▶ Task brief: Below, find the line containing "西华初中持续推进课堂教学改革三年行动计划2015-4-15" and the line containing "Crestwood Tan (116)"; reproduce exactly those two and every line between them, omitting pictures.

▶ Study material:
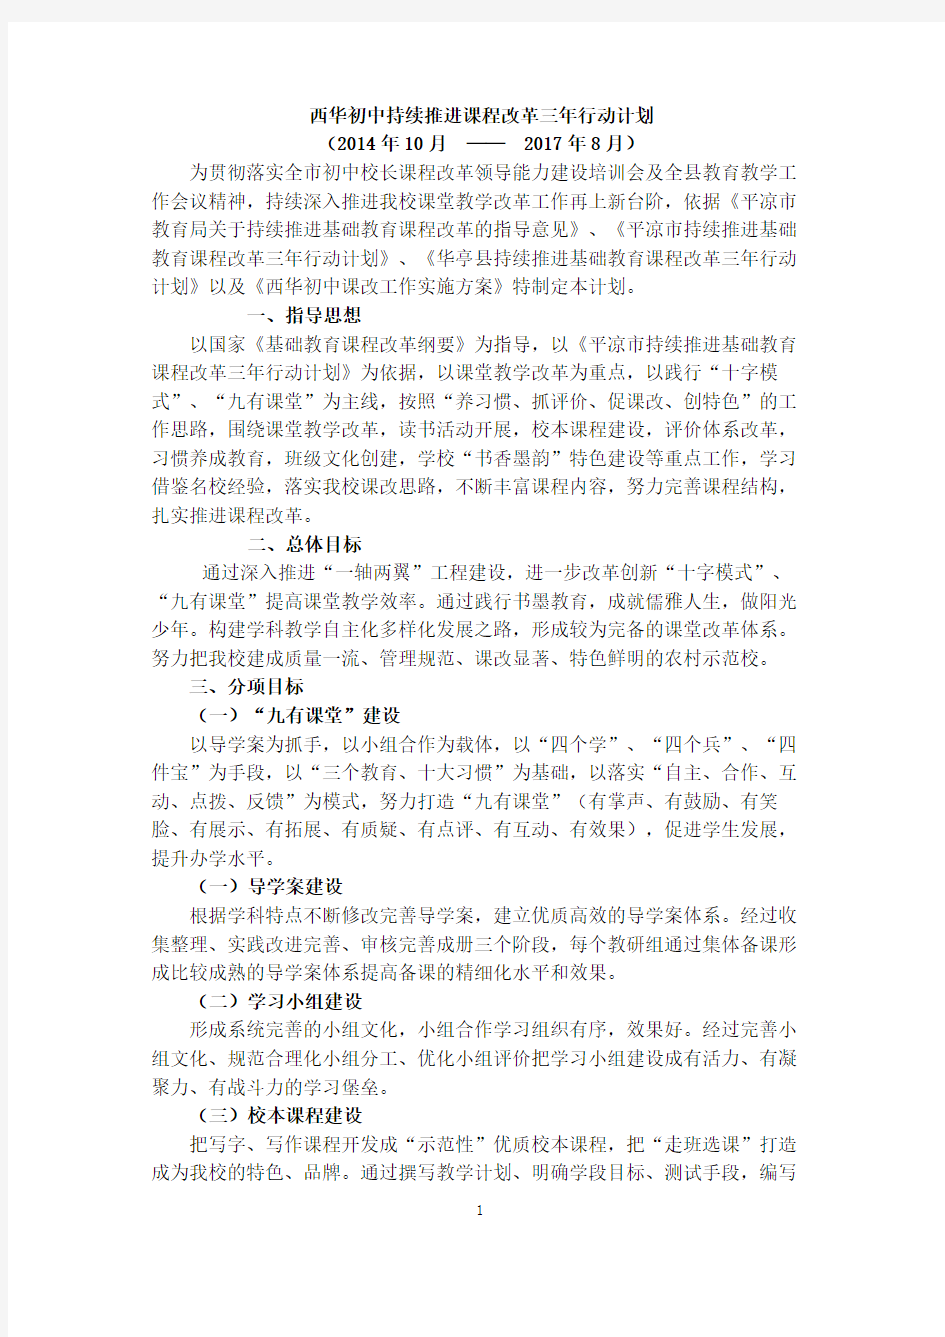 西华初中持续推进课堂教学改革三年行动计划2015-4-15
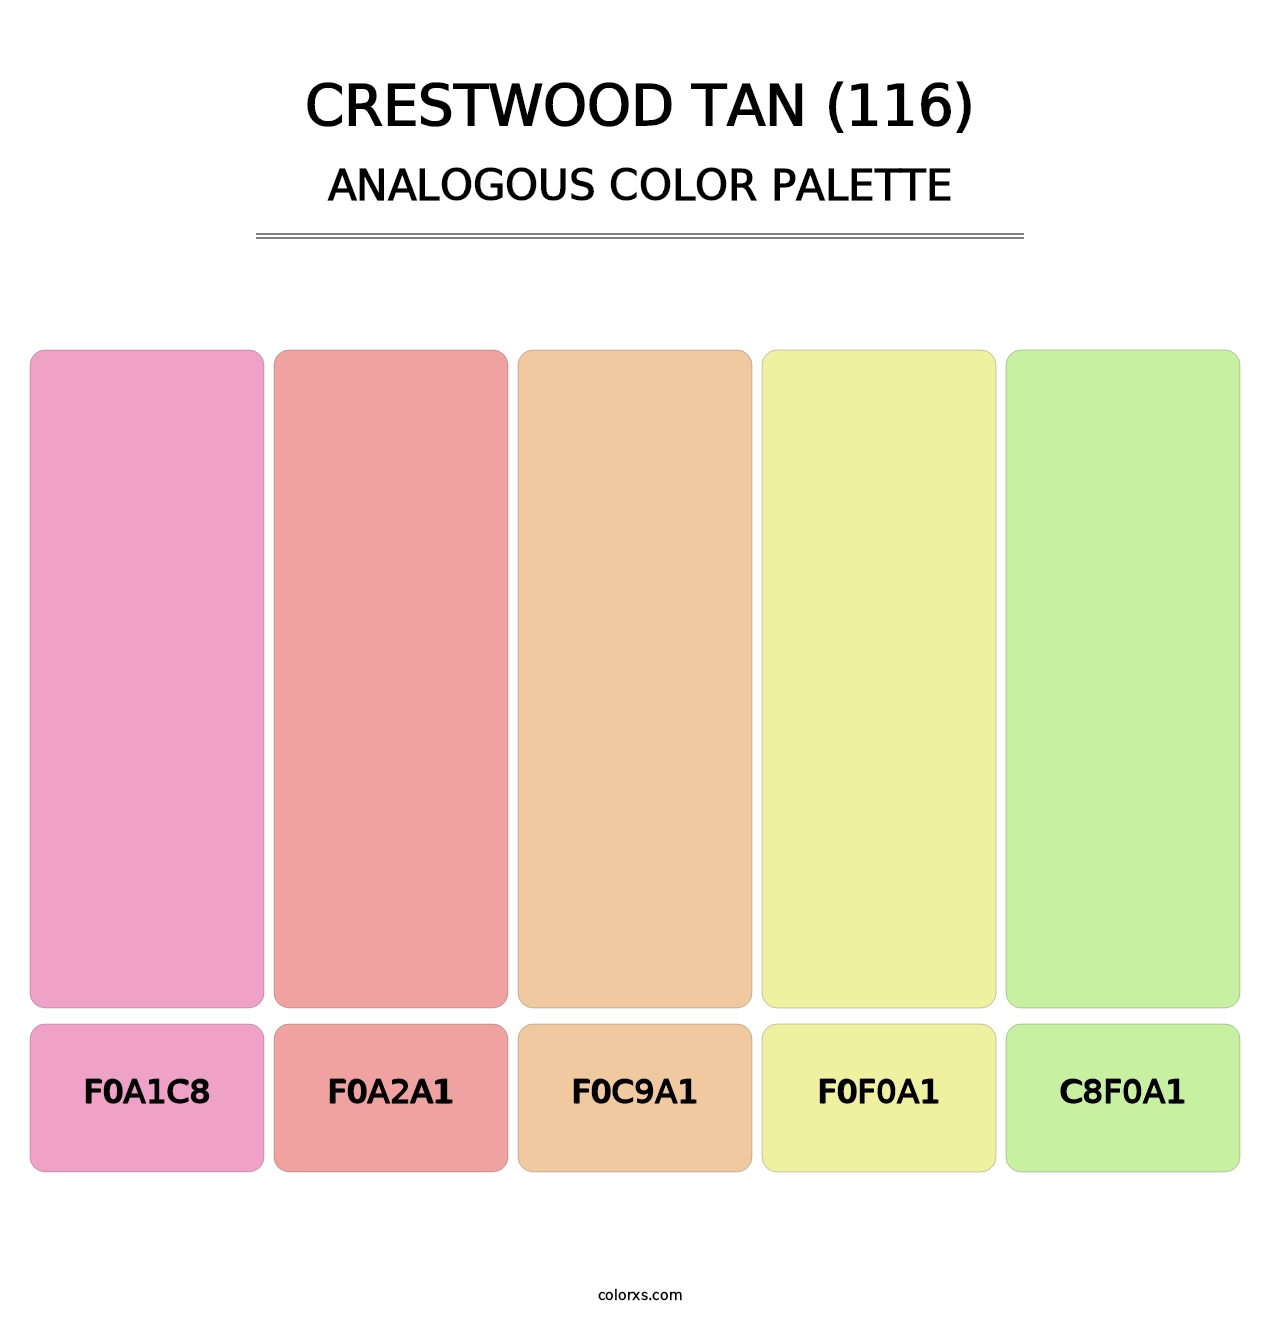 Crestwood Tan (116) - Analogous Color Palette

---

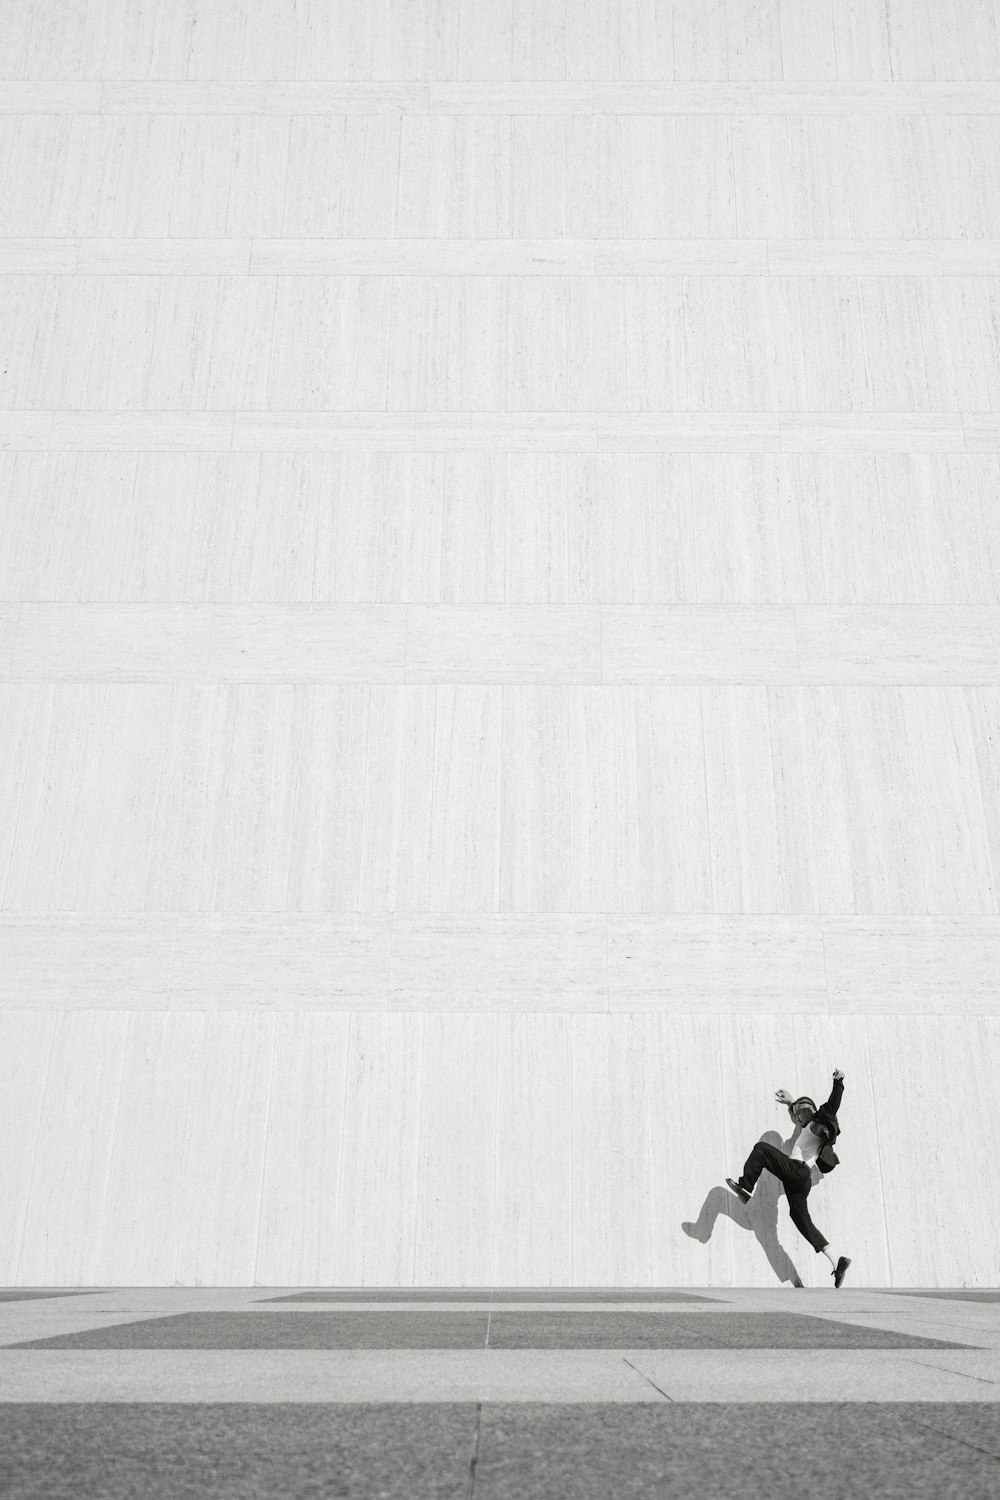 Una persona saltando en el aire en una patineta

▶ Task answer:
 西华初中持续推进课堂教学改革三年行动计划2015-4-15
 Crestwood Tan (116) - Analogous Color Palette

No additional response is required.